| Stored items |
= = = = = = =
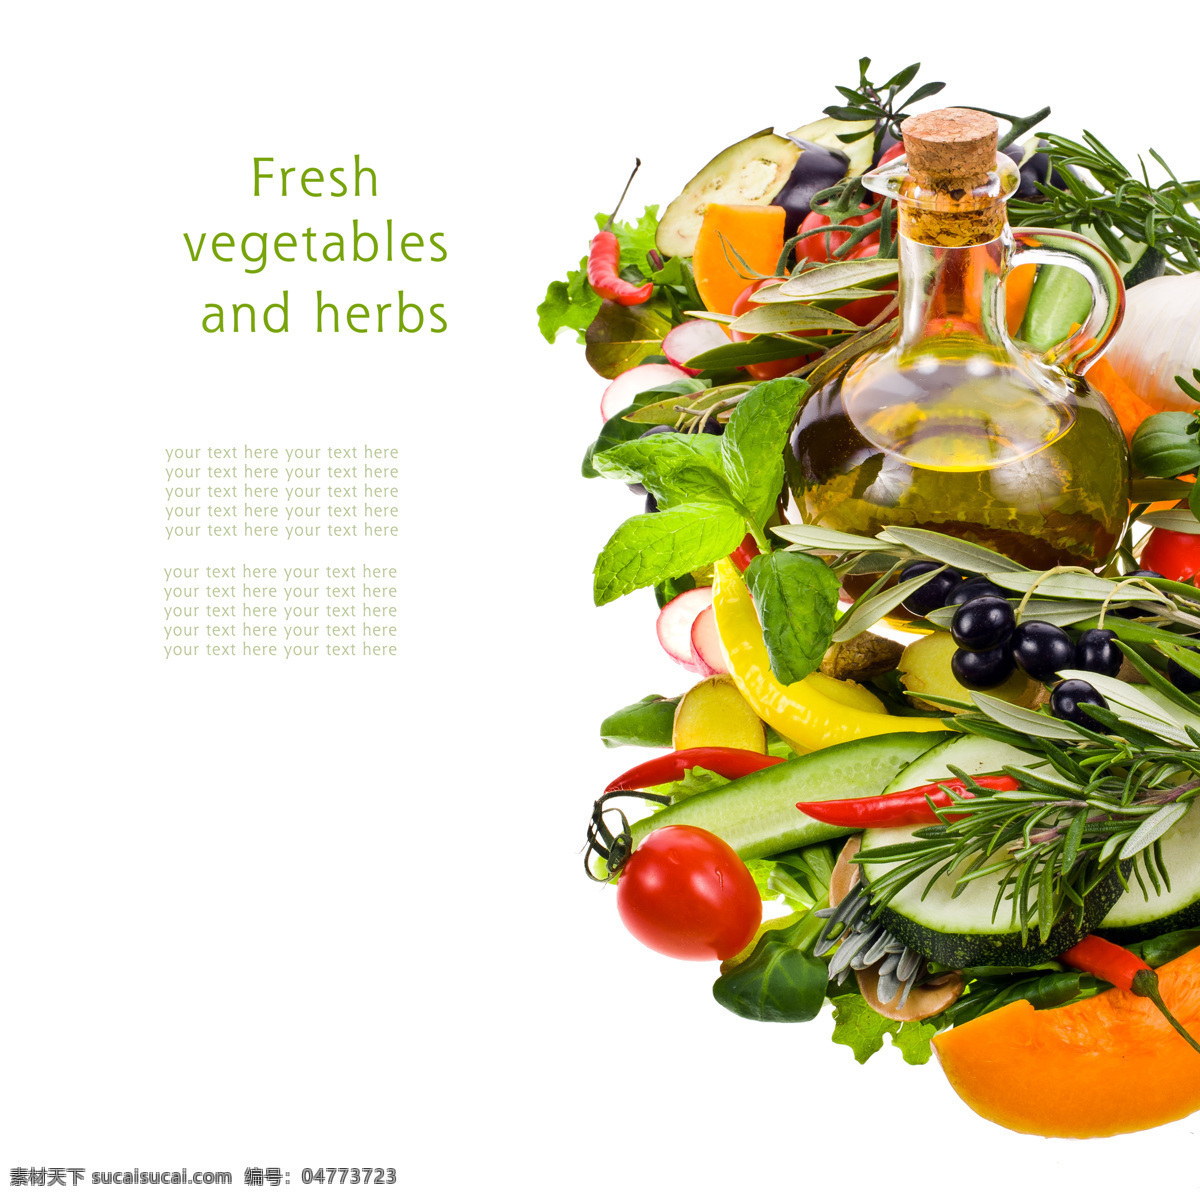 食用油与蔬菜 食用油 橄榄 色拉油 番茄 西红柿 新鲜蔬菜 蔬菜摄影 黄瓜 水果蔬菜 餐饮美食 白色
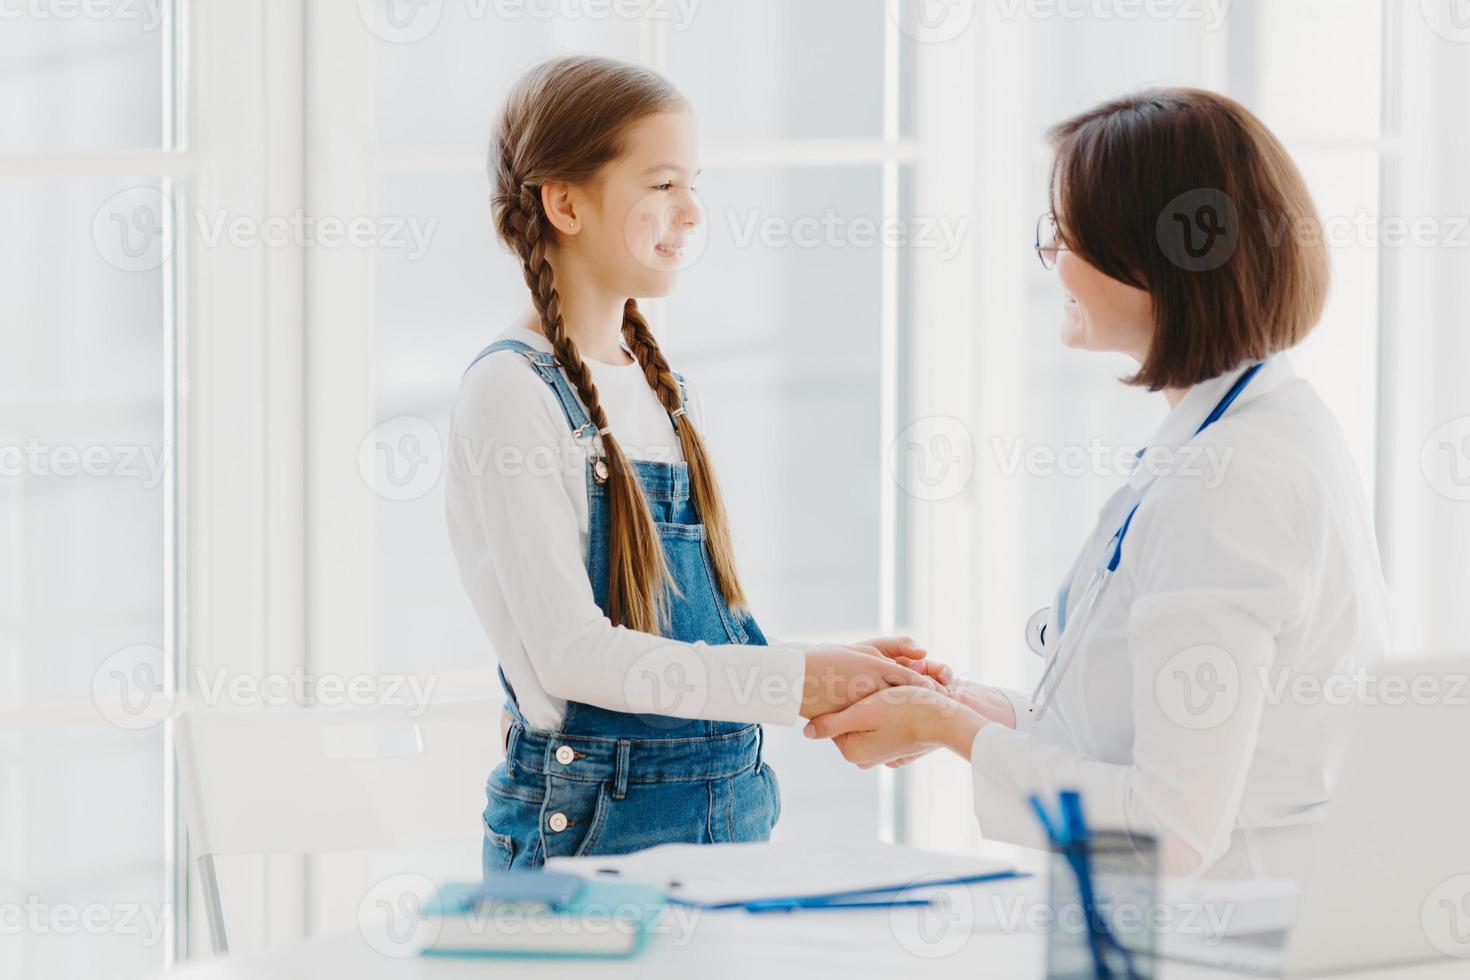 Ärztin schüttelt Mädchen die Hand, spricht unterstützende Worte, kümmert sich während der professionellen Beratung um das Kind, ist immer bereit, bei einer guten Behandlung zu helfen. Krankenversicherungskonzept foto
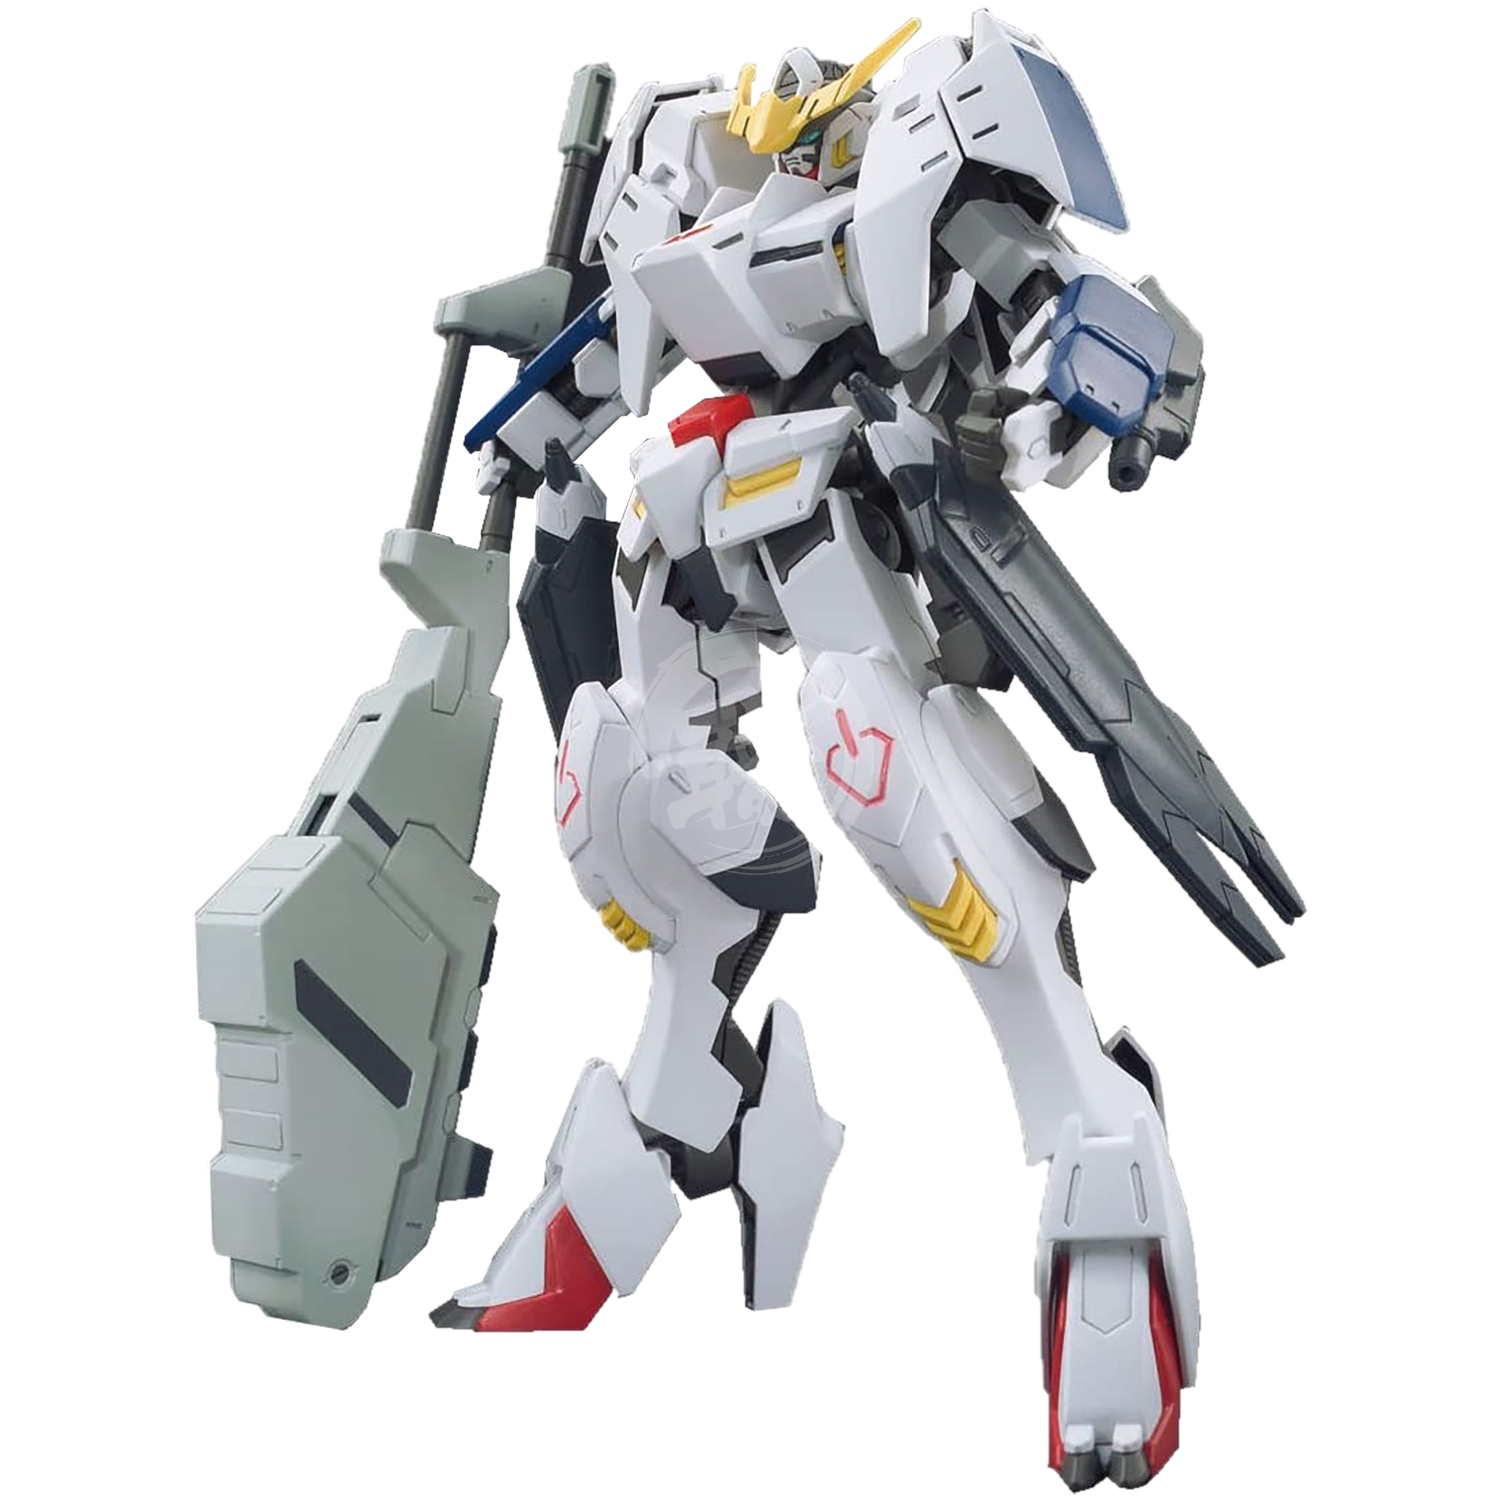 HG Gundam Barbatos  6th Form - ShokuninGunpla
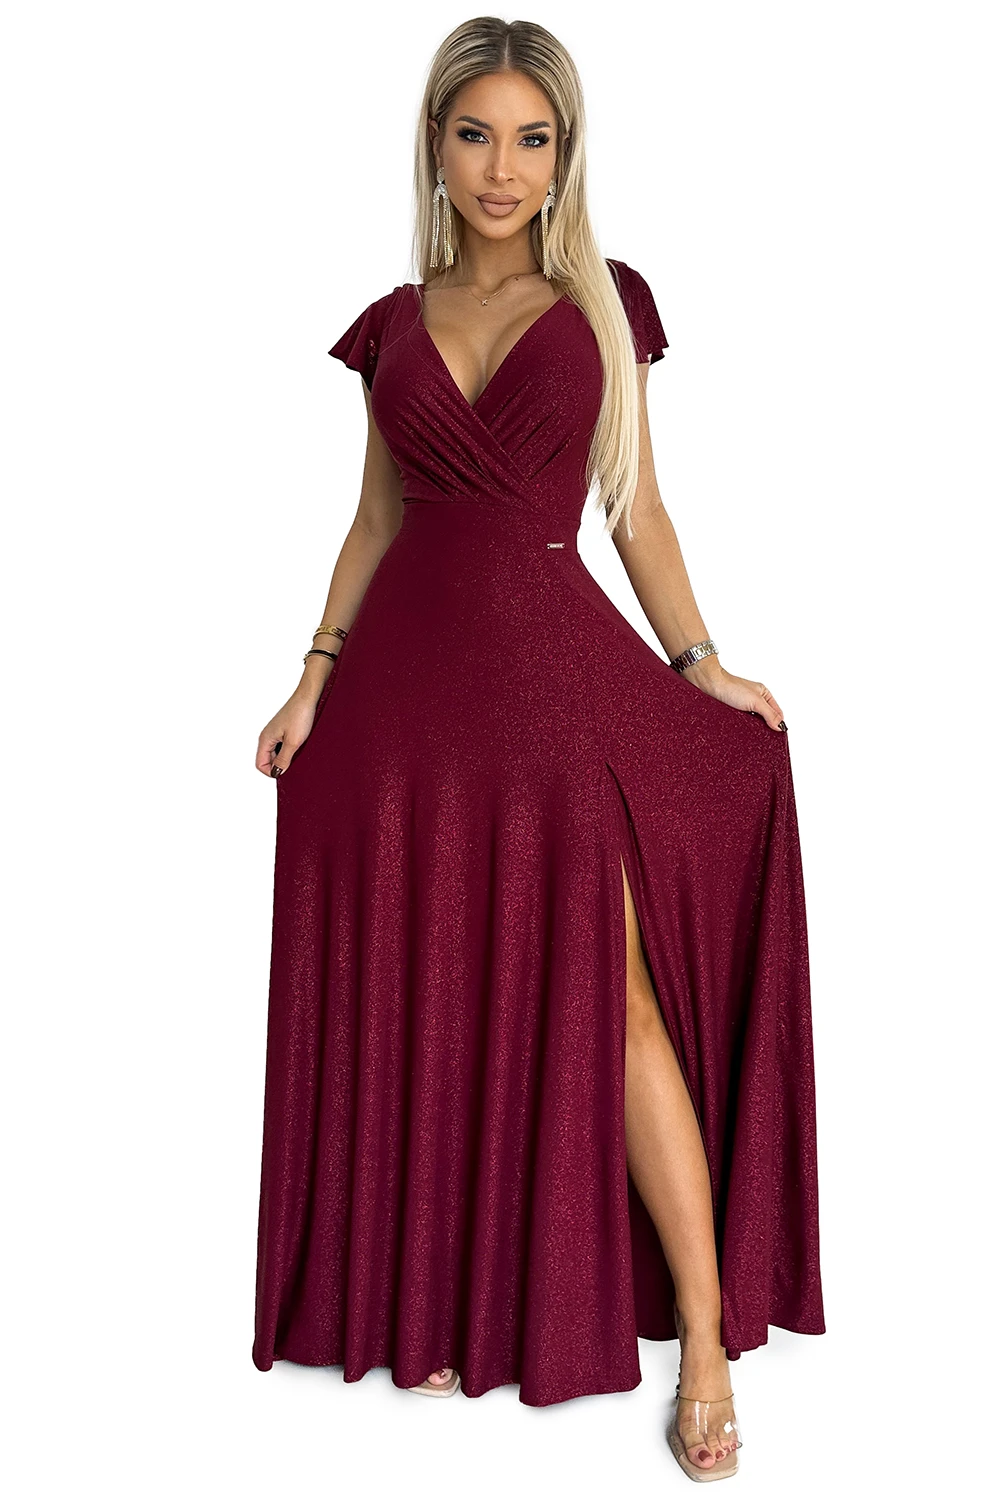 411-8 CRYSTAL połyskująca długa suknia z dekoltem - BORDOWA
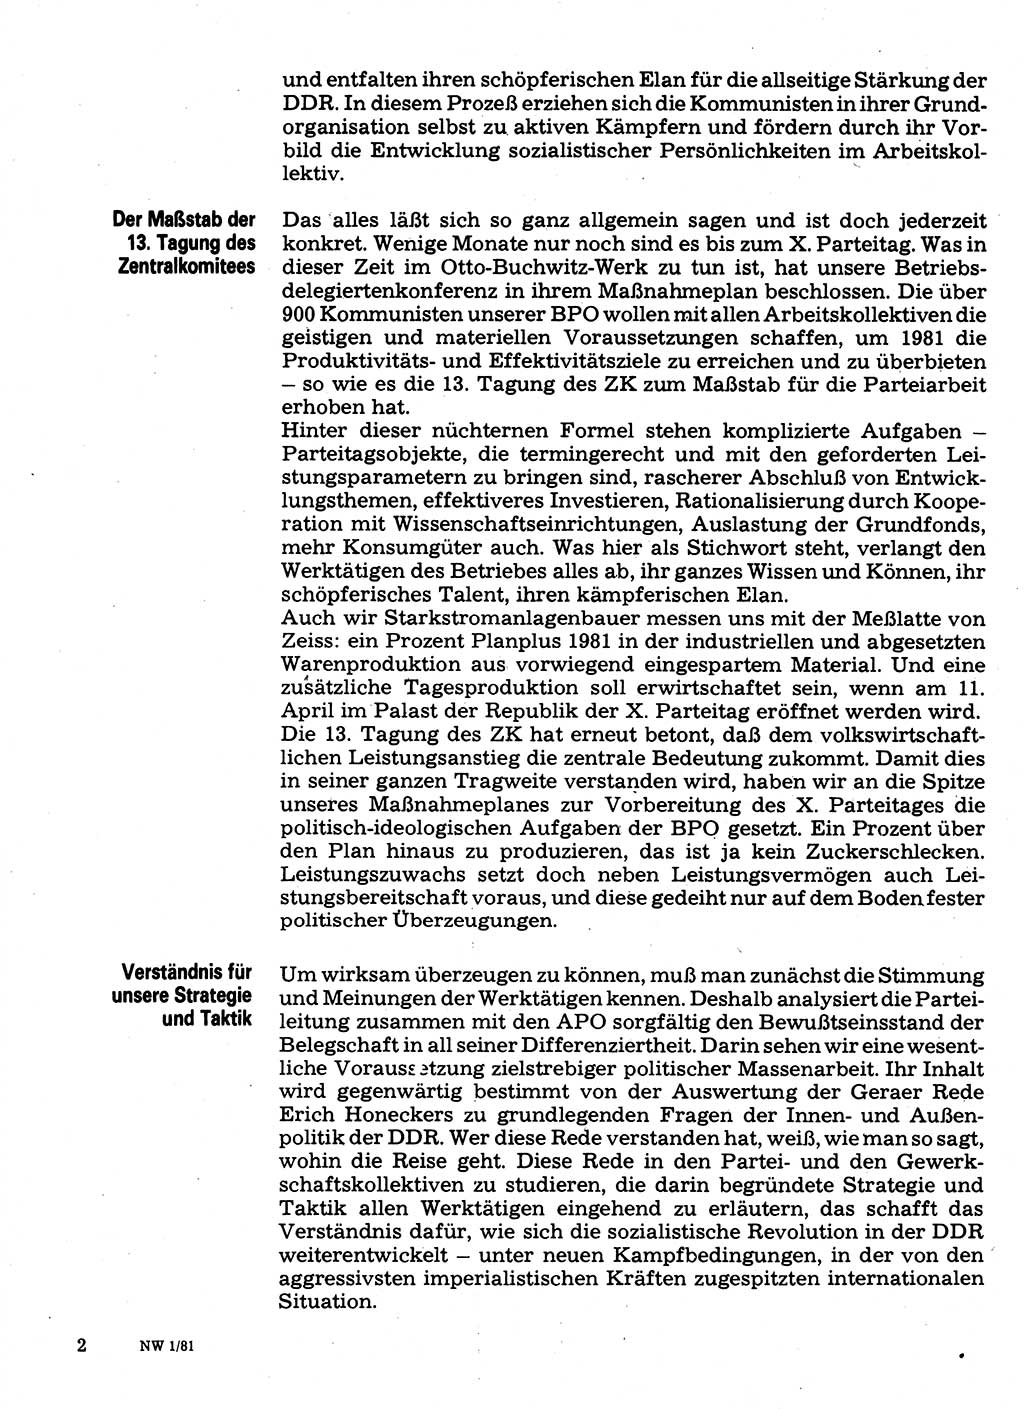 Neuer Weg (NW), Organ des Zentralkomitees (ZK) der SED (Sozialistische Einheitspartei Deutschlands) für Fragen des Parteilebens, 36. Jahrgang [Deutsche Demokratische Republik (DDR)] 1981, Seite 2 (NW ZK SED DDR 1981, S. 2)
= = = = = = =
| What needs to be done |
Only the lines from the line with "Ärztin schüttelt Mädchen" through the closing line of the data, both included, should be set down, exactly as written and without pictures.

| Your solution |
 Ärztin schüttelt Mädchen die Hand, spricht unterstützende Worte, kümmert sich während der professionellen Beratung um das Kind, ist immer bereit, bei einer guten Behandlung zu helfen. Krankenversicherungskonzept foto
 HG Gundam Barbatos  6th Form - ShokuninGunpla
 411-8 CRYSTAL połyskująca długa suknia z dekoltem - BORDOWA
 Neuer Weg (NW), Organ des Zentralkomitees (ZK) der SED (Sozialistische Einheitspartei Deutschlands) für Fragen des Parteilebens, 36. Jahrgang [Deutsche Demokratische Republik (DDR)] 1981, Seite 2 (NW ZK SED DDR 1981, S. 2)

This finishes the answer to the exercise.